I’ll be fair, some women give great dating advice on men. Most do not. The reason is quite simple: they are women.
Men aren’t very complex, we often do not over analyze and over think our decisions. It’s what gets us into trouble, sometimes we don’t think! I believe women provide horrible dating advice to give women the answer they would like to hear. We guys do the same thing, but we’re blunt about it. If we’re rejected by a girl, some guy friends would say, “she’s a bitch” or “she’s a whore,” instead of “maybe she’s not into you!” I’m not saying that’s right either, but we end the conversation and move on. Women do not do this.

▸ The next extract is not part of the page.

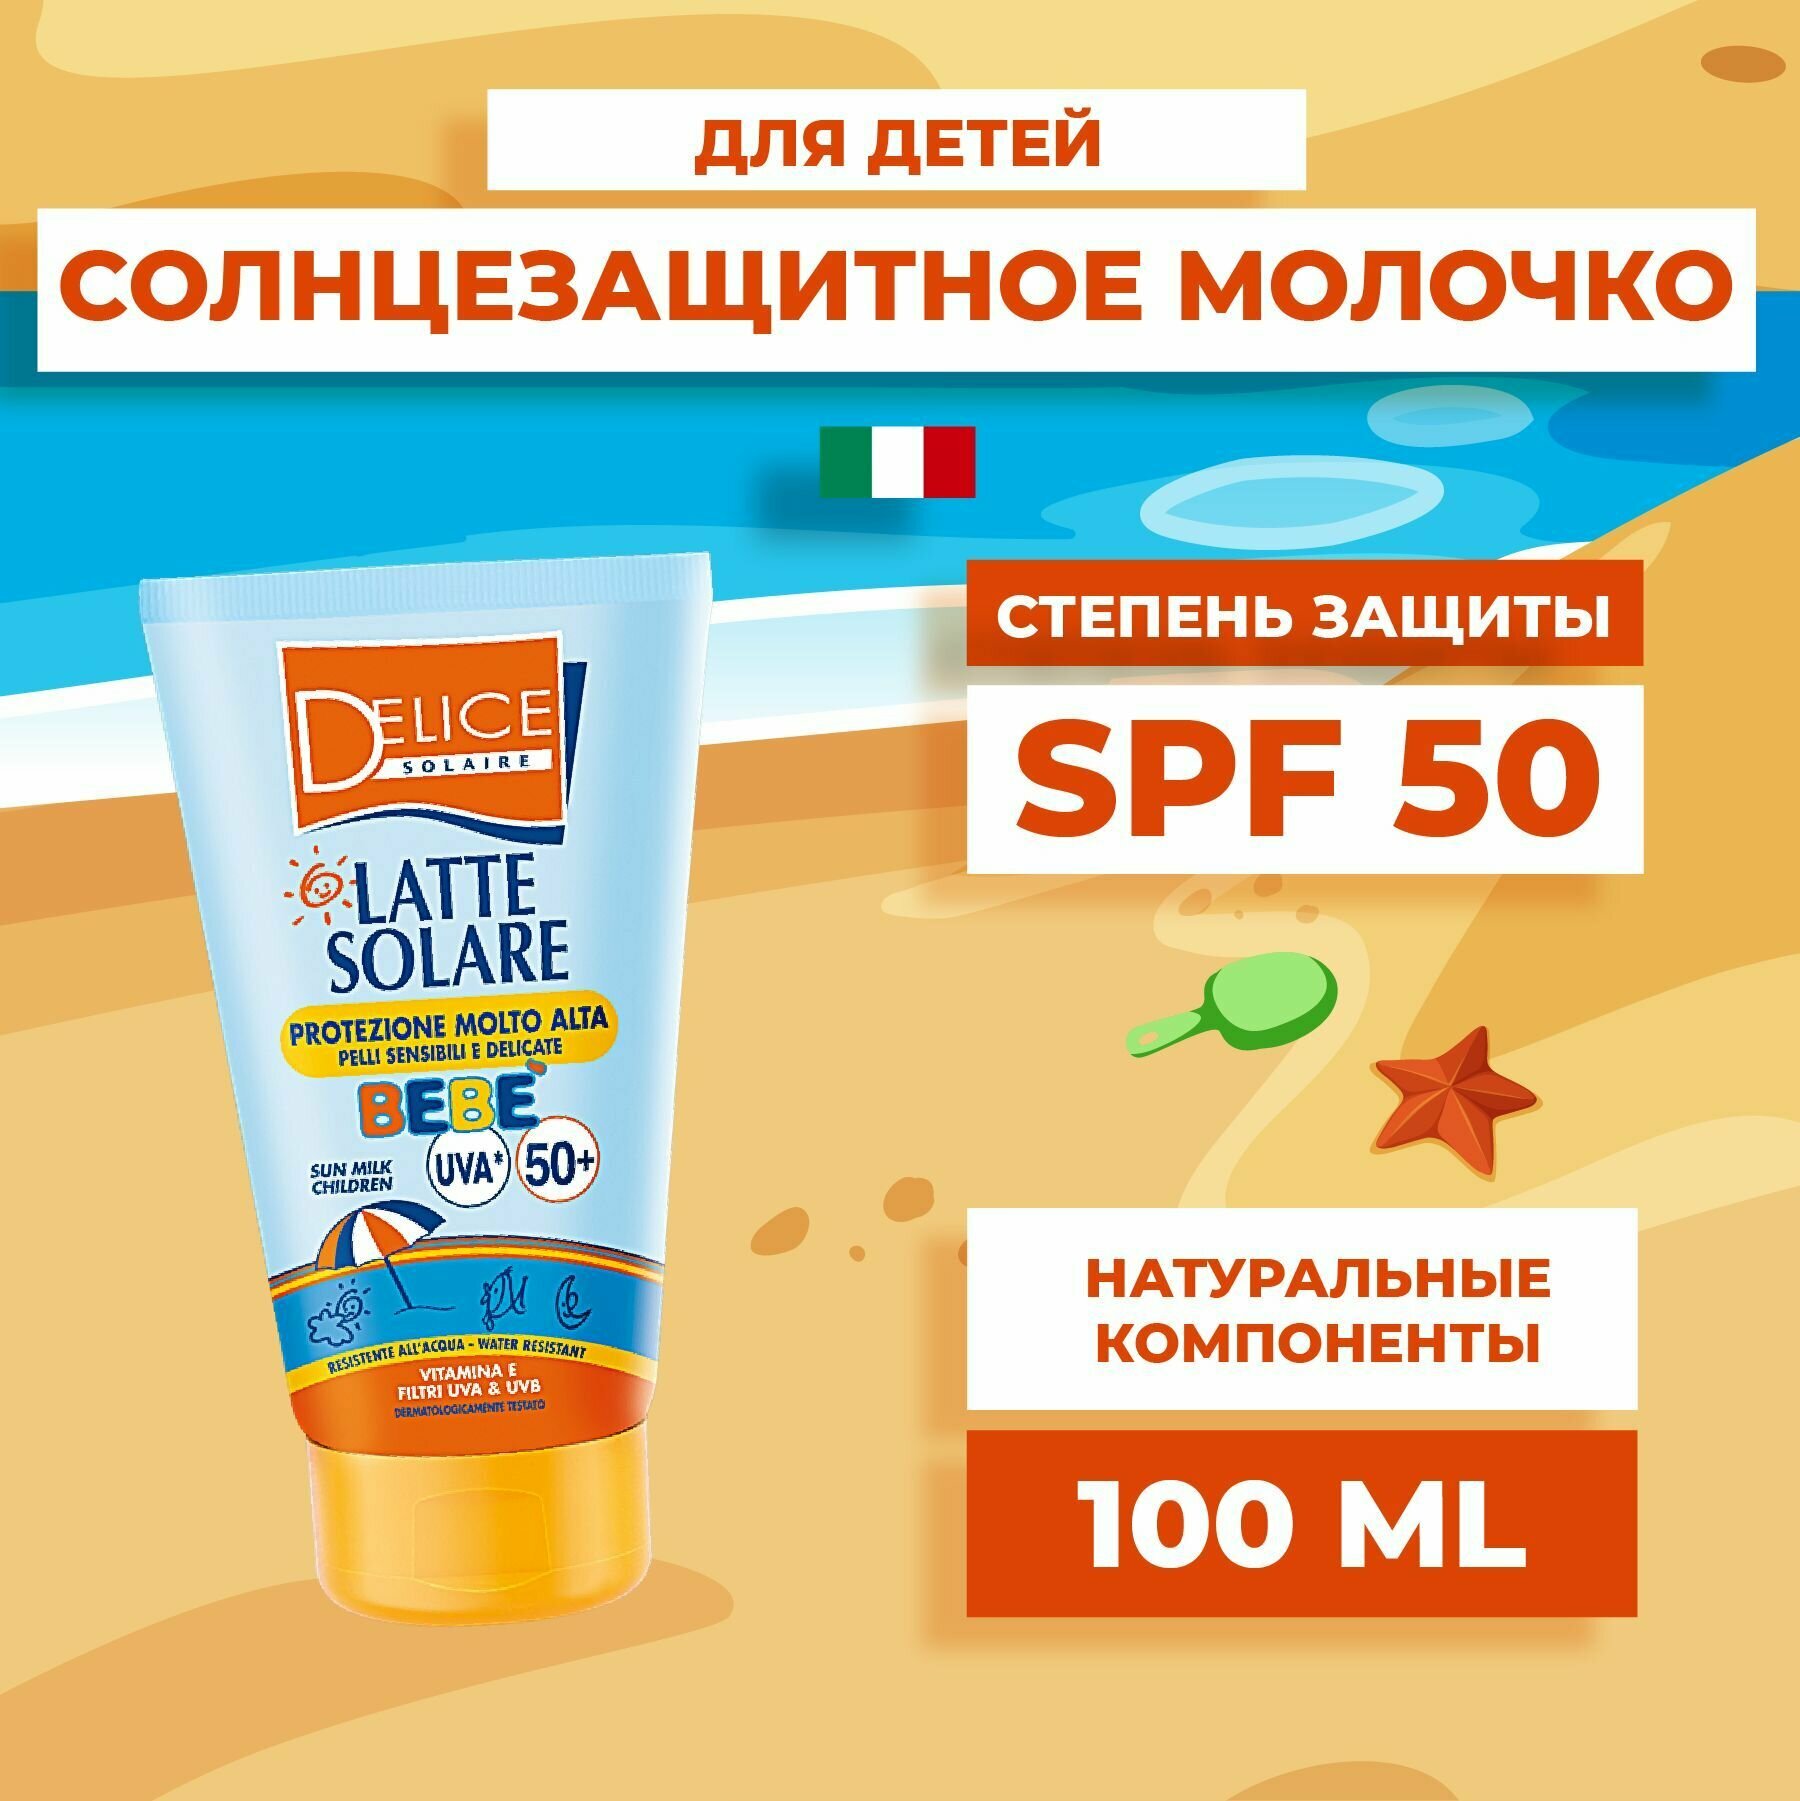 Delice Solaire Солнцезащитное молочко для детей солнцезащитный крем детский SPF 50 100 мл
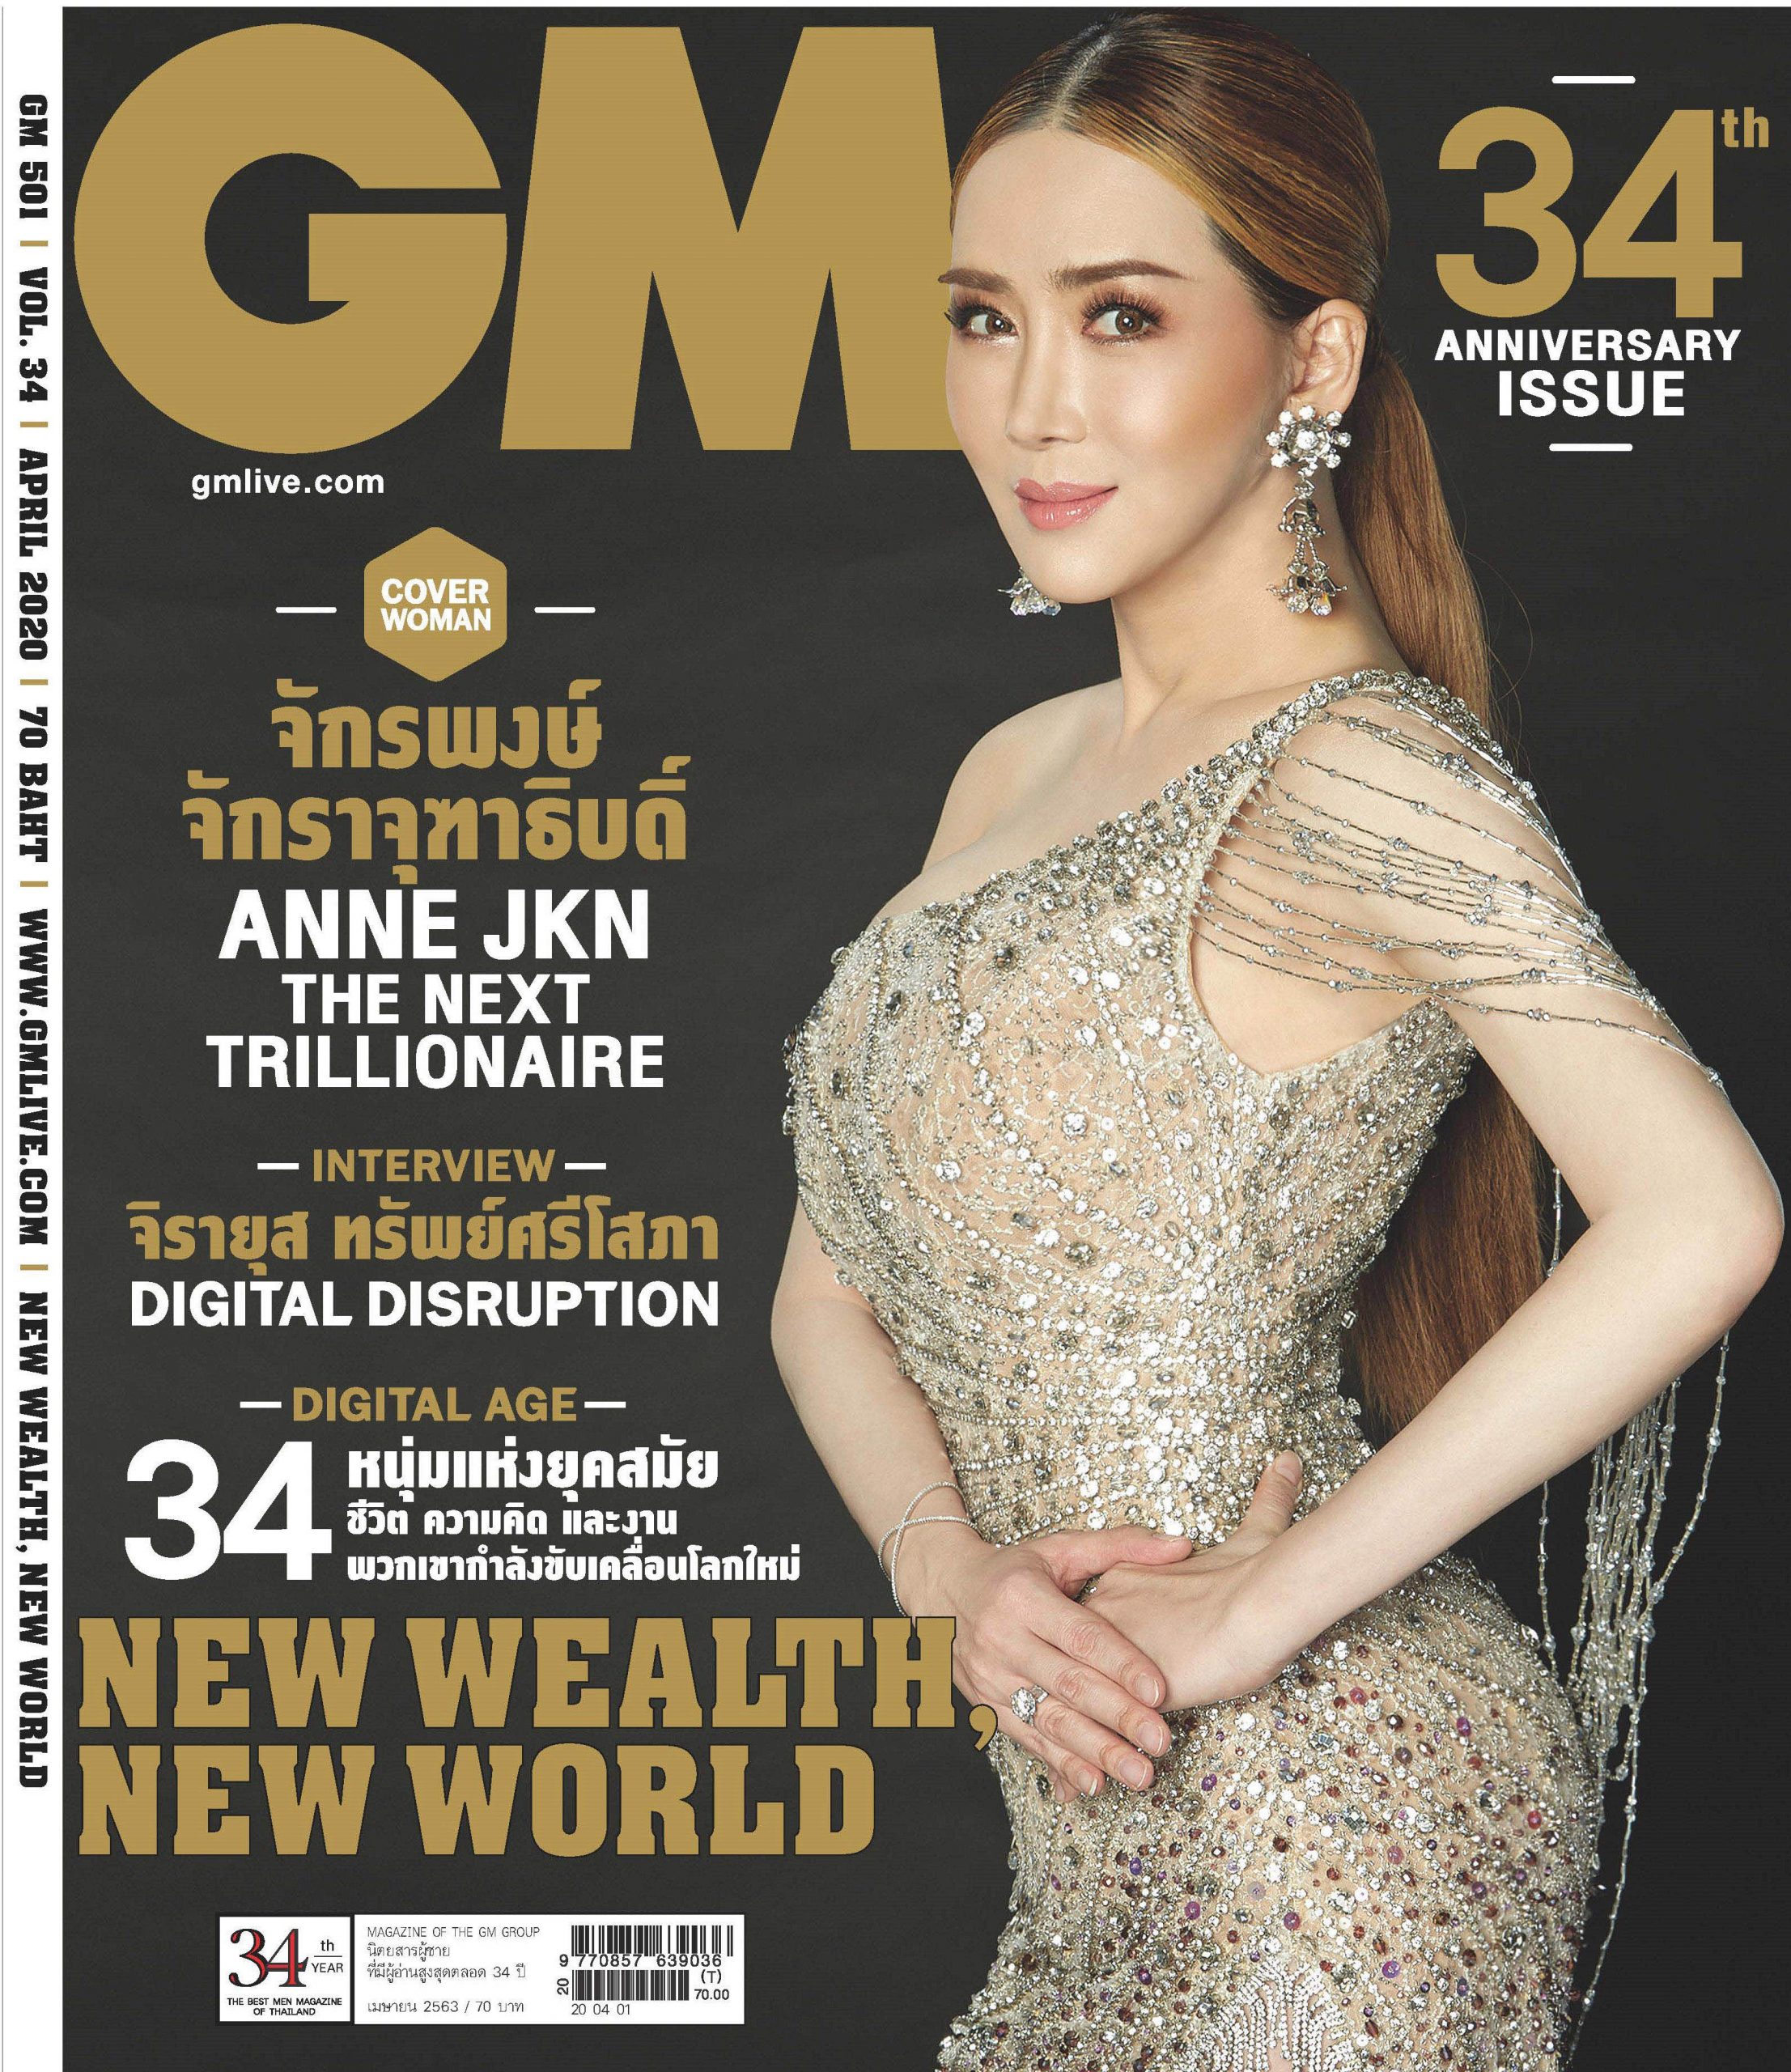 Gossip News: 'แอน-จักรพงษ์ ขึ้นปกครบรอบ 34 ปี นิตยสาร GM สวยสง่า สะกดทุกสายตา ตอกย้ำ 1 ใน 34 นักธุรกิจที่ประสบความสำเร็จในรอบทศวรรษ

Women tend to analyze the male mental structure, picking apart any and every decision. I was at the bar a few days ago, and I was listening to one woman give her friend advice that didn’t make sense. She was helping convince her friend the reason her boyfriend enjoyed time alone and felt a bit distant in their relationship, was because he followed the example of his parents. They seemed to do their own thing, as her parents did everything together. She convinced herself that this was the reason they were struggling in their relationship, not the fact that he was displaying homosexual tendencies or signs that he was no longer interested in her. This is what I call batshitcrazy advice!
Another piece of crazy advice I’ve read states that we indicate our long term interests based on how we hold our beer bottle, stand at the bar, and even have a secret sign language while talking to a woman. Even our shopping habits are indicators what we think about relationships. Never has the purchase between a pair of jeans from The Gap or Diesel been an indication of my commitment to the person I’m dating. The fact that this advice is dispensed to women is silly from the start. You can’t determine my interests on the position of my beer bottle or the brand of my jeans. It’s the pattern of my actions.
Lets get a few things straight. Women, many (if not all) don’t know how we think. You were not raised to be a man, think like a man, or act like a man. So stop trying to tell your friends what he’s thinking. It’s like getting dating advice from a fortune cookie! Most likely, it will be useless and you’ll be given a few lucky numbers and a new word to learn. If you need to know anything about a guy, ask a guy! He will, more often than not, point you in the right direction!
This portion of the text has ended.